I'll never know for sure. Nor can I know how it might have changed my future path into addiction if they had chosen to talk to me about it back then. I feel sad that they didn't say anything; I wish they had. But I can't change the past, theirs or mine. What I can do is to notice my present food addiction and care enough about myself to stop.
I forgive my parents. I open my heart in understanding and forgiveness to them for not talking with me about my actions and to myself for my behaviors during those years.


  1. I have heard a lot about the power of forgiveness. I imagine for most of us it is easier said than done. And maybe forgiving one's self is hardest? I am impressed with the clarity that you now have as you look back and consider your parents actions.

  2. I tried a 10 step program once...Emotions Anonymous. I couldn't relate it to my problems. I couldn't get into the higher power aspect.

    I can see that OA is helping you to sort out your past and present. I hope you continue to find the way to find peace and happiness.

    Funny how I can see how some of the issues you have talked about have certainly powered your addictions, but don't understand that about myself.

    My brother lived and died an alcoholic. I don't ever remember my mother acknowledging it. If anything she enabled it. I know my father and brother had heated words about it a lot. No one ever did anything to help him. I am sure they didn't have a clue how to help. Back then, things just weren't like they are now. Not many knew these problems were an illness, but thought them to be a weakness.

    Best wishes Robin. I'm pulling for you to work all this out.

  3. I'm sorry your folks didn't notice, or didn't realize, that you were having so many problems. I think that maybe all the reasons you listed had something to do with that. The fact that you can forgive your parents and yourself (and that's the hardest of all) and then be here in the present to notice yourself and take action is an amazing thing and speaks to your inner strengths and willingness to grow and change.

    This lights up a lot of my family stuff... My folks never, ever noticed me. I was generally ignored through my growing up years, and I have to admit, it kind of suited me. I had a lot more freedom than my friends did. But I also got no encouragement in anything. It seemed normal to me at the time, but looking back, I can't help but wonder, "what if..." In spite of my mom's and step-father's alcoholism, or maybe because of it, I never drank much and don't drink at all now. If I'm addicted to anything, it's probably books, art, beads, and fibers, and I can channel that into good things, I believe.

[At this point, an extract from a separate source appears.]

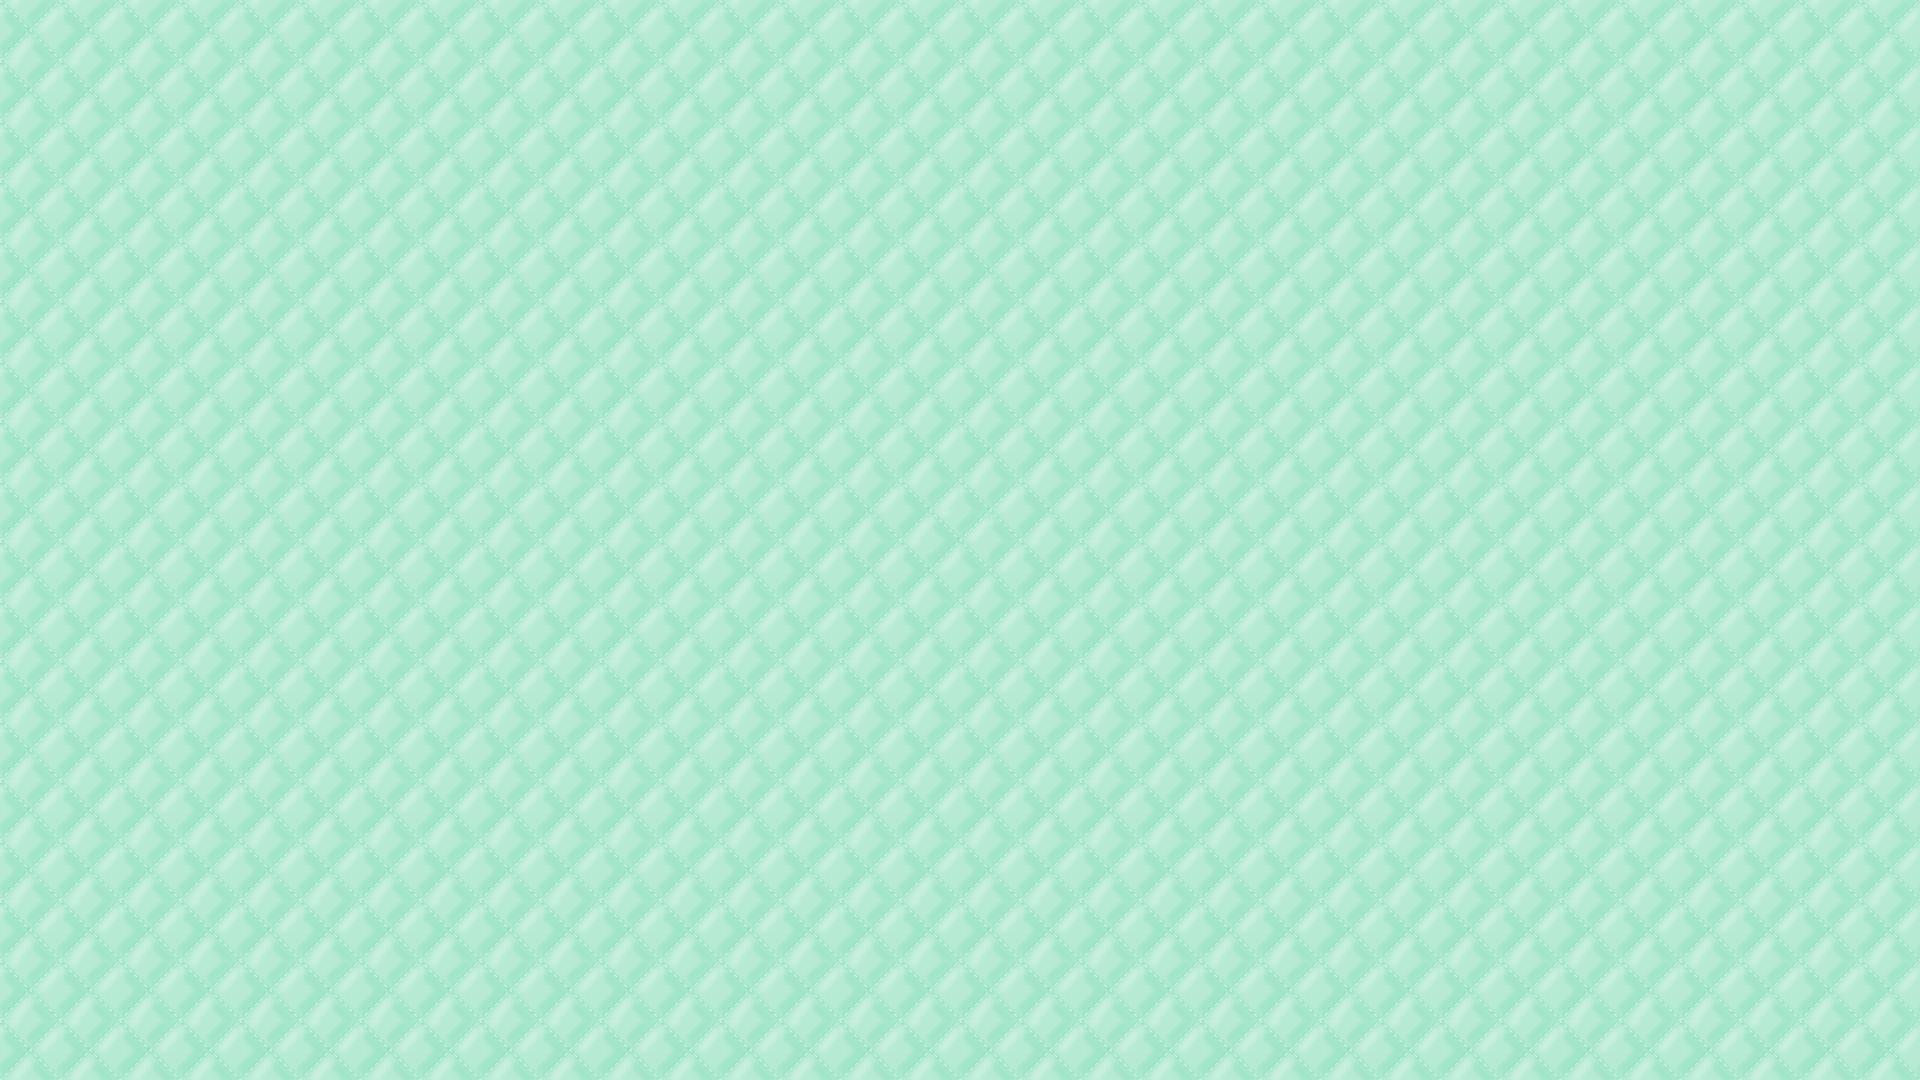 Mint Green Wallpaper Images - WallpaperSafari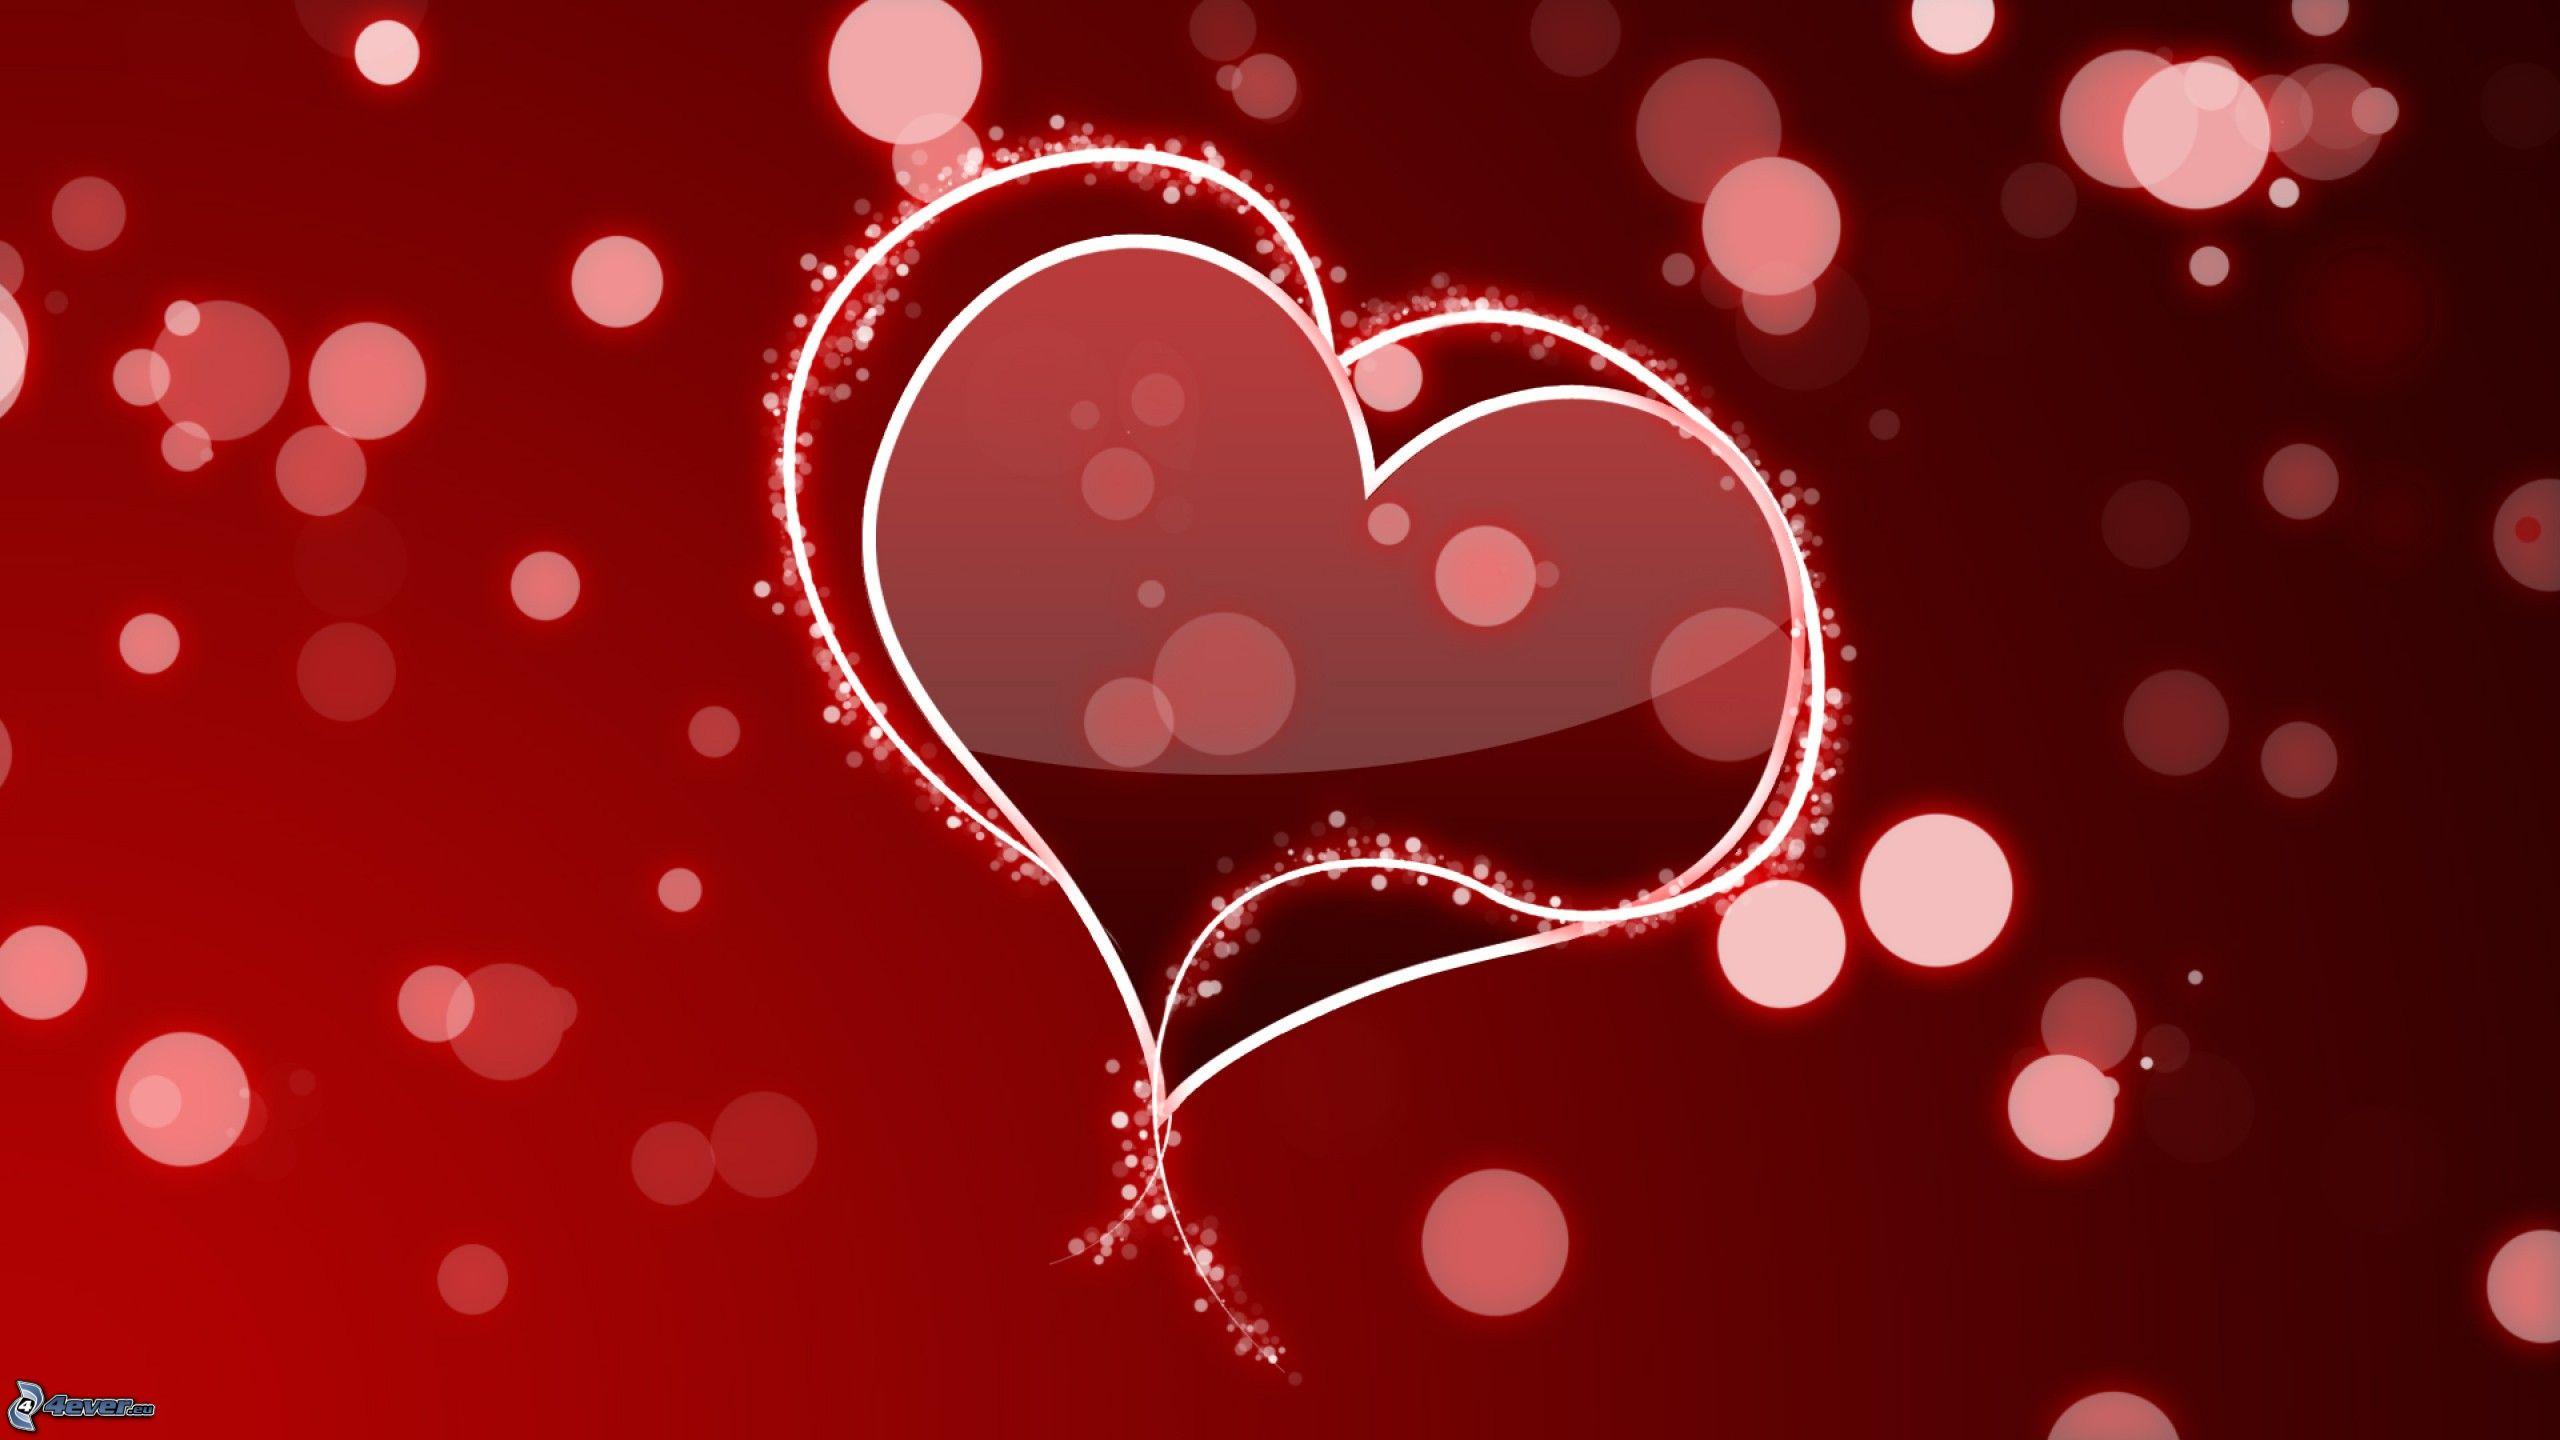 coeurs-rouges,-anneaux,-le-fond-rouge-205609

  4. There are probably many other possible reasons why your parents didn't say anything. One that occurs to me is that they did not want to give you the impression that they disapproved of you or the way you were behaving. Perhaps they were aware of your negative self image and didn't want you to think they saw you in a negative light.

    Sometimes my husband and I choose to not to say something to his sons. Our concern is that if they think we disapprove of certain activities, they won't feel they can come to us if/when they want to talk to us about it.

  5. When I get to thinking about what might have been, I try very hard (for both myself and others) to believe that I did the very best I could at the time, knowing what I knew then, and being the person I was then.
    For me, the best answer to past regrets is to make choices today that I will not regret in the future.

  6. I am the oldest of 5 kids, too, though not so much space between siblings. I know my mom worried about my weight when it became apparent that I took after my dad's side of the family. she was supportive of my dieting attempts (and my dad's) without being judgmental. It really didn't make a difference in the long run.

    I think if you are like me and just plain didn't get enough attention and nurturing and found solice in food, pointing out the errors of your ways would not solve them. Maybe it would make you look at them...but you know it is more complicated.